## Task instructions
Your response should be the complete listing, returned exactly as written.

## Entries provided
━━━━━━━━━━━━━━━━━━━━━━━━━━━━━━
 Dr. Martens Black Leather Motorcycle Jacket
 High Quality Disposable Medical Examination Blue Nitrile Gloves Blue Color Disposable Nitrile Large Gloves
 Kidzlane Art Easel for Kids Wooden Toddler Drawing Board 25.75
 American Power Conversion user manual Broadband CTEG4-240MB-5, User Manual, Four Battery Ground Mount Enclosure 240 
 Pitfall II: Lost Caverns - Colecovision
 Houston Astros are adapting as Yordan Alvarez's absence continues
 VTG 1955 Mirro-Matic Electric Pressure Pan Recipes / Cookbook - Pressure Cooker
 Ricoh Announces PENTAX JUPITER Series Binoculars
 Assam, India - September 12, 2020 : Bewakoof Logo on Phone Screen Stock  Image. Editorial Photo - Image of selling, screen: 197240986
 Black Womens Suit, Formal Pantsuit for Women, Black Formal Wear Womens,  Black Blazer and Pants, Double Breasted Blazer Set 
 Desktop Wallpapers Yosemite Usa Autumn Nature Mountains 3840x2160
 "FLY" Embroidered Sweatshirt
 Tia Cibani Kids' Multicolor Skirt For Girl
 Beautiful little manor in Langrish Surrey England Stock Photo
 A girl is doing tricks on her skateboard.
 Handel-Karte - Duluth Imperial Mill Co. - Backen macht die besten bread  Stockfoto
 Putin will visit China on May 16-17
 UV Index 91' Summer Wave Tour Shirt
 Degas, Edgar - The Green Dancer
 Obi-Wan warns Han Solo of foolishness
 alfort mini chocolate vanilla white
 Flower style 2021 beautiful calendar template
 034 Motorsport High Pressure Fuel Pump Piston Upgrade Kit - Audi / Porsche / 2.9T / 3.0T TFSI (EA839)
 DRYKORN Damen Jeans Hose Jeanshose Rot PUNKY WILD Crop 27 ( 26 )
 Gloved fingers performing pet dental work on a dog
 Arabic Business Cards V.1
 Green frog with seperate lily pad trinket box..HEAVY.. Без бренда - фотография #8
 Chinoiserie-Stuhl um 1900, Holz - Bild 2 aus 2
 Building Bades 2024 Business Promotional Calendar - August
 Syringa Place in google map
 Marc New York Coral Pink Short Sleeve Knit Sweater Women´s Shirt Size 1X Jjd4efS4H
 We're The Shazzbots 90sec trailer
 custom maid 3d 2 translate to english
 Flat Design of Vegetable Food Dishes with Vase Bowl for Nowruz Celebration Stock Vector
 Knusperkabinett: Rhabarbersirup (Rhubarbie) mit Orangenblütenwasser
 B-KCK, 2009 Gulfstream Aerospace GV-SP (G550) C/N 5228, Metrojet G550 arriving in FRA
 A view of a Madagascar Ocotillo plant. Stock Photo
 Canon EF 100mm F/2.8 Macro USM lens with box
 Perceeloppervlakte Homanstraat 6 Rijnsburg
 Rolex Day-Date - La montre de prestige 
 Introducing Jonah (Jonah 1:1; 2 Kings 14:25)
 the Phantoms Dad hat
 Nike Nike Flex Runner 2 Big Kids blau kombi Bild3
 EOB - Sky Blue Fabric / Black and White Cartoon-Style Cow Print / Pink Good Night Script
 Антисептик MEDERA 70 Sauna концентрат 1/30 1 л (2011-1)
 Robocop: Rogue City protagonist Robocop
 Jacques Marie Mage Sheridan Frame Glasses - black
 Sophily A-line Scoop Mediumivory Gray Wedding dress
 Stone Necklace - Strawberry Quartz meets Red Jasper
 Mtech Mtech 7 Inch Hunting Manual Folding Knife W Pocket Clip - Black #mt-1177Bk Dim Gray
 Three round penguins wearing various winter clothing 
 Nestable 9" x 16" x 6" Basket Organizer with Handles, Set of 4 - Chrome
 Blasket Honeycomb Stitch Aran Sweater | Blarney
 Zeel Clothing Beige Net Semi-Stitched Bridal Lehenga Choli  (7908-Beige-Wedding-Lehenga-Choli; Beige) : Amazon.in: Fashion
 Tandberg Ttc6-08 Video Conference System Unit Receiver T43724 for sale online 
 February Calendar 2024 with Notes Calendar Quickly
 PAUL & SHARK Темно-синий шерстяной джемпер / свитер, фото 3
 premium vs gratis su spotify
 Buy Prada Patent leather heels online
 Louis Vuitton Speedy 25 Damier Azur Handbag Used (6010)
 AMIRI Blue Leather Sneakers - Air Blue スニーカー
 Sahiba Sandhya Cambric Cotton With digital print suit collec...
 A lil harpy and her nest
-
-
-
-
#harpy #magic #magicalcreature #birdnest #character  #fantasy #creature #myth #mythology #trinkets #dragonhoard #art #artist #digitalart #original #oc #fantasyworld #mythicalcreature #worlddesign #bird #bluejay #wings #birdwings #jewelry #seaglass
━━━━━━━━━━━━━━━━━━━━━━━━━━━━━━
## Output of the exercise
 Dr. Martens Black Leather Motorcycle Jacket
 High Quality Disposable Medical Examination Blue Nitrile Gloves Blue Color Disposable Nitrile Large Gloves
 Kidzlane Art Easel for Kids Wooden Toddler Drawing Board 25.75
 American Power Conversion user manual Broadband CTEG4-240MB-5, User Manual, Four Battery Ground Mount Enclosure 240 
 Pitfall II: Lost Caverns - Colecovision
 Houston Astros are adapting as Yordan Alvarez's absence continues
 VTG 1955 Mirro-Matic Electric Pressure Pan Recipes / Cookbook - Pressure Cooker
 Ricoh Announces PENTAX JUPITER Series Binoculars
 Assam, India - September 12, 2020 : Bewakoof Logo on Phone Screen Stock  Image. Editorial Photo - Image of selling, screen: 197240986
 Black Womens Suit, Formal Pantsuit for Women, Black Formal Wear Womens,  Black Blazer and Pants, Double Breasted Blazer Set 
 Desktop Wallpapers Yosemite Usa Autumn Nature Mountains 3840x2160
 "FLY" Embroidered Sweatshirt
 Tia Cibani Kids' Multicolor Skirt For Girl
 Beautiful little manor in Langrish Surrey England Stock Photo
 A girl is doing tricks on her skateboard.
 Handel-Karte - Duluth Imperial Mill Co. - Backen macht die besten bread  Stockfoto
 Putin will visit China on May 16-17
 UV Index 91' Summer Wave Tour Shirt
 Degas, Edgar - The Green Dancer
 Obi-Wan warns Han Solo of foolishness
 alfort mini chocolate vanilla white
 Flower style 2021 beautiful calendar template
 034 Motorsport High Pressure Fuel Pump Piston Upgrade Kit - Audi / Porsche / 2.9T / 3.0T TFSI (EA839)
 DRYKORN Damen Jeans Hose Jeanshose Rot PUNKY WILD Crop 27 ( 26 )
 Gloved fingers performing pet dental work on a dog
 Arabic Business Cards V.1
 Green frog with seperate lily pad trinket box..HEAVY.. Без бренда - фотография #8
 Chinoiserie-Stuhl um 1900, Holz - Bild 2 aus 2
 Building Bades 2024 Business Promotional Calendar - August
 Syringa Place in google map
 Marc New York Coral Pink Short Sleeve Knit Sweater Women´s Shirt Size 1X Jjd4efS4H
 We're The Shazzbots 90sec trailer
 custom maid 3d 2 translate to english
 Flat Design of Vegetable Food Dishes with Vase Bowl for Nowruz Celebration Stock Vector
 Knusperkabinett: Rhabarbersirup (Rhubarbie) mit Orangenblütenwasser
 B-KCK, 2009 Gulfstream Aerospace GV-SP (G550) C/N 5228, Metrojet G550 arriving in FRA
 A view of a Madagascar Ocotillo plant. Stock Photo
 Canon EF 100mm F/2.8 Macro USM lens with box
 Perceeloppervlakte Homanstraat 6 Rijnsburg
 Rolex Day-Date - La montre de prestige 
 Introducing Jonah (Jonah 1:1; 2 Kings 14:25)
 the Phantoms Dad hat
 Nike Nike Flex Runner 2 Big Kids blau kombi Bild3
 EOB - Sky Blue Fabric / Black and White Cartoon-Style Cow Print / Pink Good Night Script
 Антисептик MEDERA 70 Sauna концентрат 1/30 1 л (2011-1)
 Robocop: Rogue City protagonist Robocop
 Jacques Marie Mage Sheridan Frame Glasses - black
 Sophily A-line Scoop Mediumivory Gray Wedding dress
 Stone Necklace - Strawberry Quartz meets Red Jasper
 Mtech Mtech 7 Inch Hunting Manual Folding Knife W Pocket Clip - Black #mt-1177Bk Dim Gray
 Three round penguins wearing various winter clothing 
 Nestable 9" x 16" x 6" Basket Organizer with Handles, Set of 4 - Chrome
 Blasket Honeycomb Stitch Aran Sweater | Blarney
 Zeel Clothing Beige Net Semi-Stitched Bridal Lehenga Choli  (7908-Beige-Wedding-Lehenga-Choli; Beige) : Amazon.in: Fashion
 Tandberg Ttc6-08 Video Conference System Unit Receiver T43724 for sale online 
 February Calendar 2024 with Notes Calendar Quickly
 PAUL & SHARK Темно-синий шерстяной джемпер / свитер, фото 3
 premium vs gratis su spotify
 Buy Prada Patent leather heels online
 Louis Vuitton Speedy 25 Damier Azur Handbag Used (6010)
 AMIRI Blue Leather Sneakers - Air Blue スニーカー
 Sahiba Sandhya Cambric Cotton With digital print suit collec...
 A lil harpy and her nest
-
-
-
-
#harpy #magic #magicalcreature #birdnest #character  #fantasy #creature #myth #mythology #trinkets #dragonhoard #art #artist #digitalart #original #oc #fantasyworld #mythicalcreature #worlddesign #bird #bluejay #wings #birdwings #jewelry #seaglass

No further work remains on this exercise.